Post # 16
Thank you all for the great feedback. I really feel more comfortable having a conversation with her and laying everything out. I didn’t want to make her special day about me, but I also don’t want to make things more difficult. This is a hard conversation to have because I value our friendship and don’t want this to change things. I will keep all of your comments in mind when I talk to her. Wish me luck!
Post # 17
Good luck! Glad you are feeling more comfortable.about talking to her. Let us know how you get on.
Post # 18
So sorry about your dear dad.
I’d drop out in your place . Also, I don’t think I’d make that conversation too long and detailed and most of all, too much focussed on what she wants. Rather , I’d simply tell her that try as you might, you just can’t manage it on the new date and that you hope she understands etc etc .

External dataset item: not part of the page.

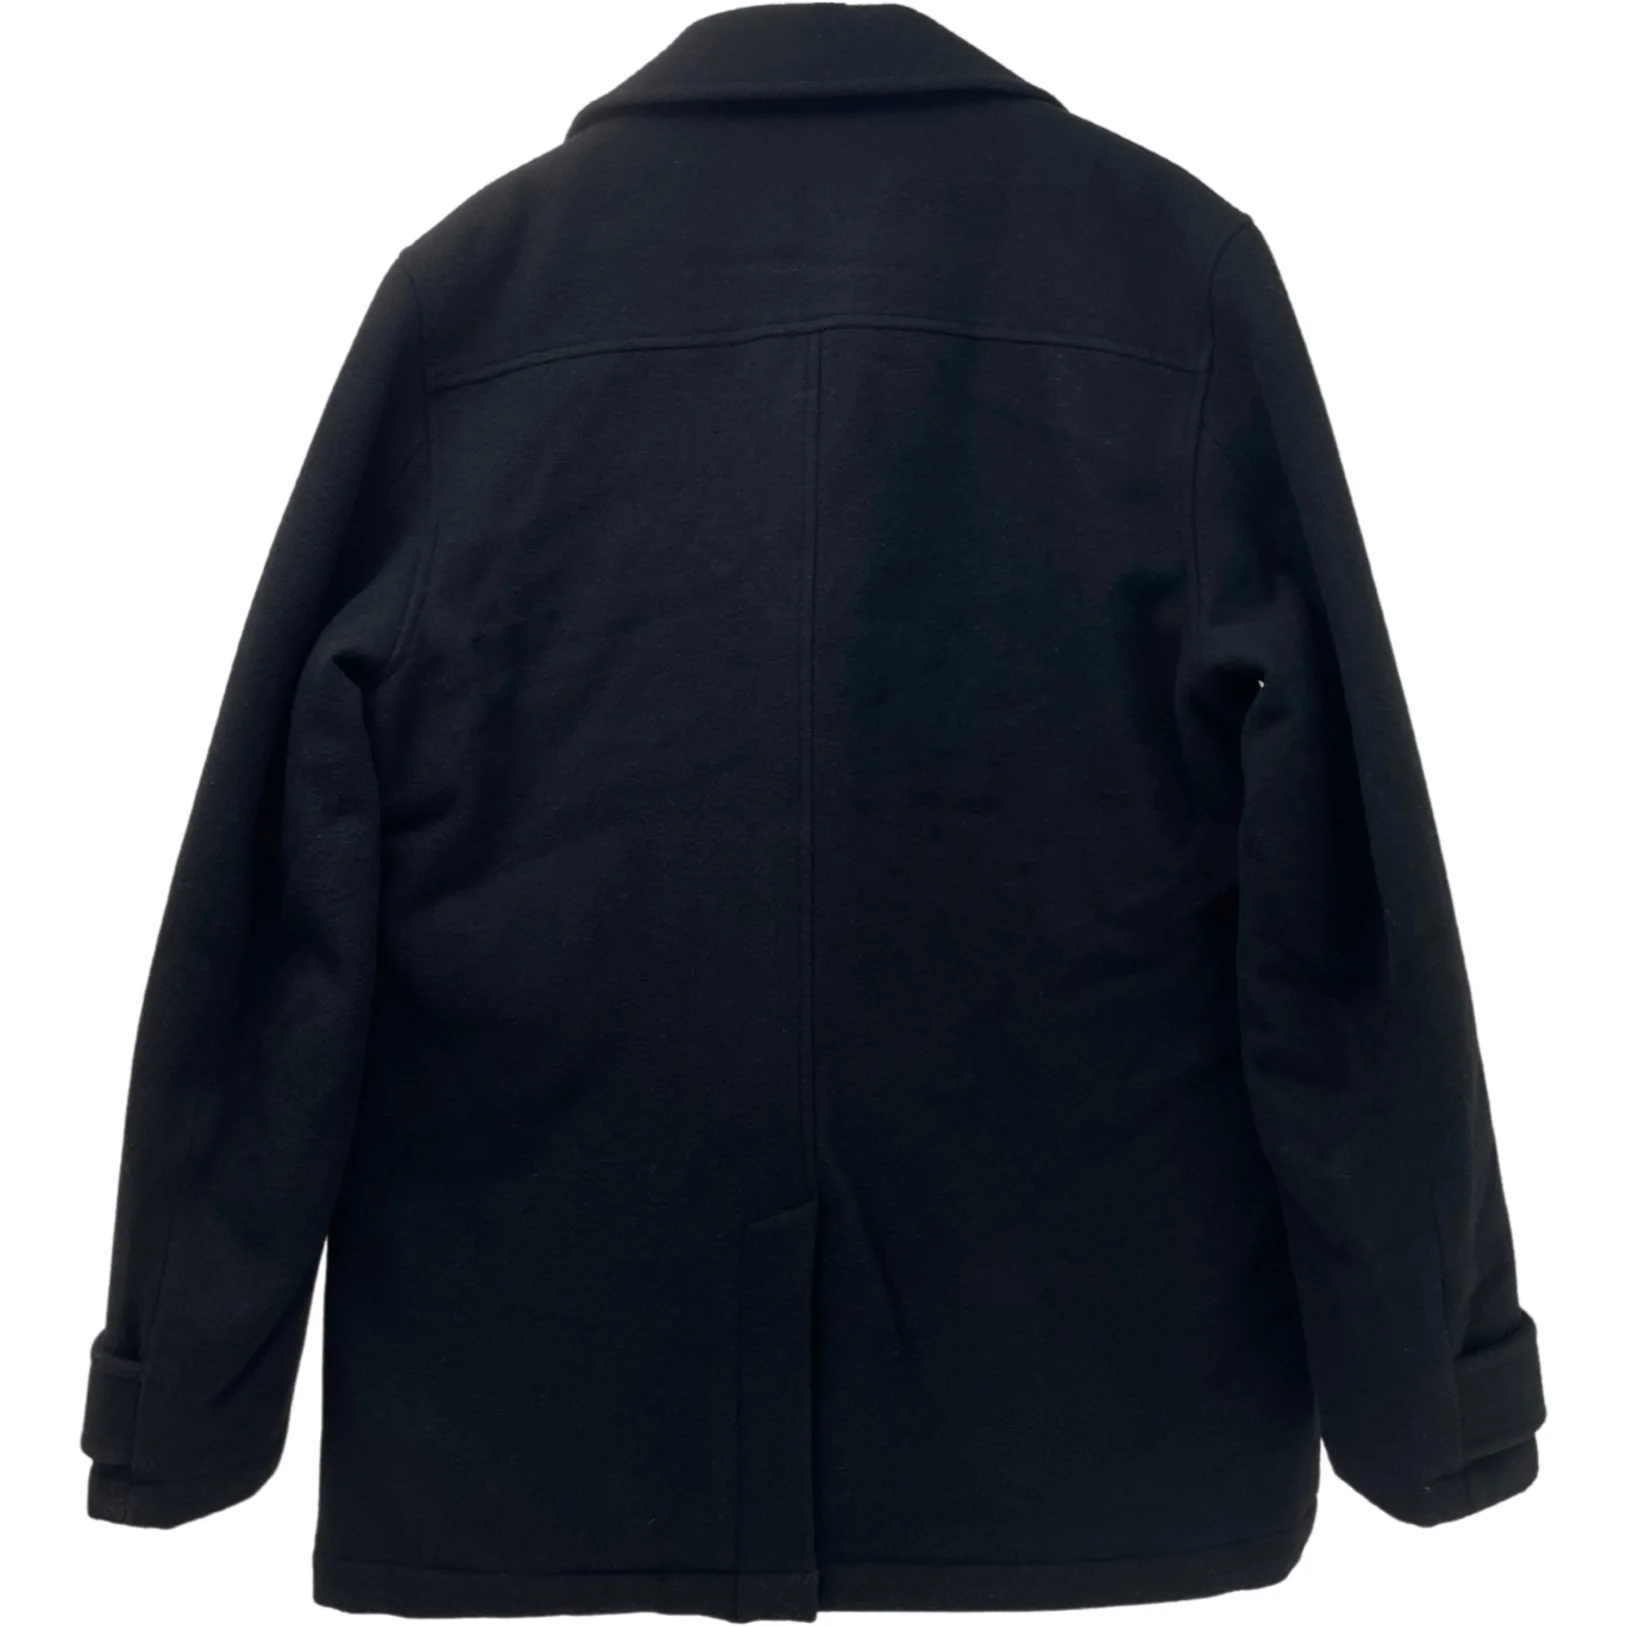 Ben Sherman Men's Winter Jacket / Formal Winter Jacket / Black / Various Sizes
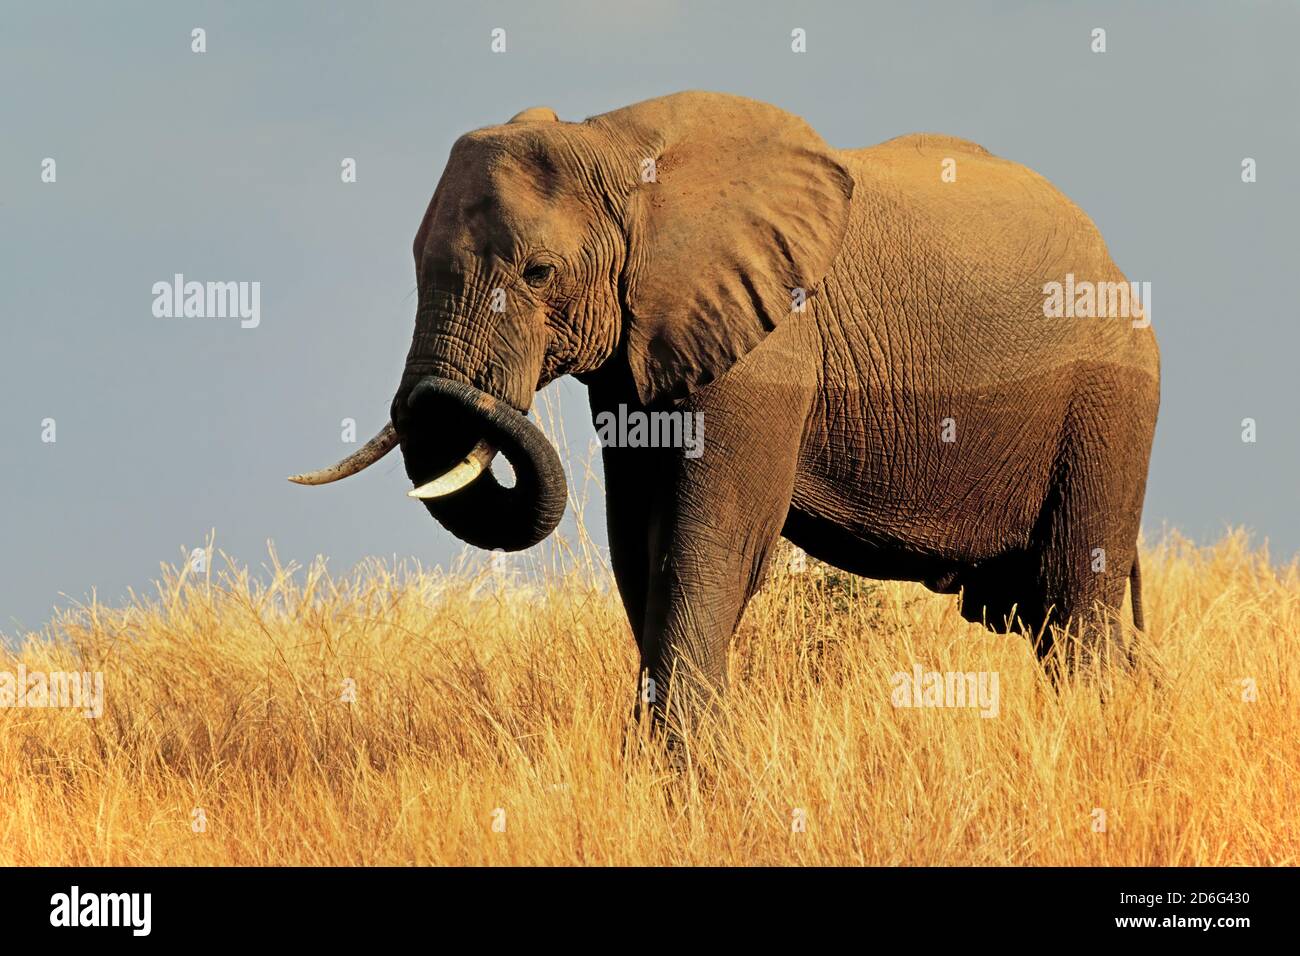 Large African bull elephant (Loxodonta africana) in grassland, Matusadona National Park, Zimbabwe Stock Photo

It is not , after all, an actual real wedding, it’s just a kind of costume party, although admittedly an important one to her.
Post # 19
I wouldn’t drop out, but I wouldn’t take on any more responsibilities related. Show up in the dress and have a great time.
I am in graduate school currently and the first day in all my classes has never been that important anyways, and if you have a good excuse such as a wedding I would say as long as you discuss with your professor it would be fine.
Post # 20
Wait im lost why did you say sister instead of bff. I think most people get that a best friend often times is important as family and considered family in most cases.
Post # 21
I would mention the death in the family plus school and work but leave out graduations bc to many people these are dramatically less important than a wedding. I don’t think that’s always the case but I’m just saying a lot of people do. Say you want to be the maid of honor but for these extenuating circumstances, you feel that one of the bridesmaids would do a lot better job with the events plus you are stretching it even attanding the wedding.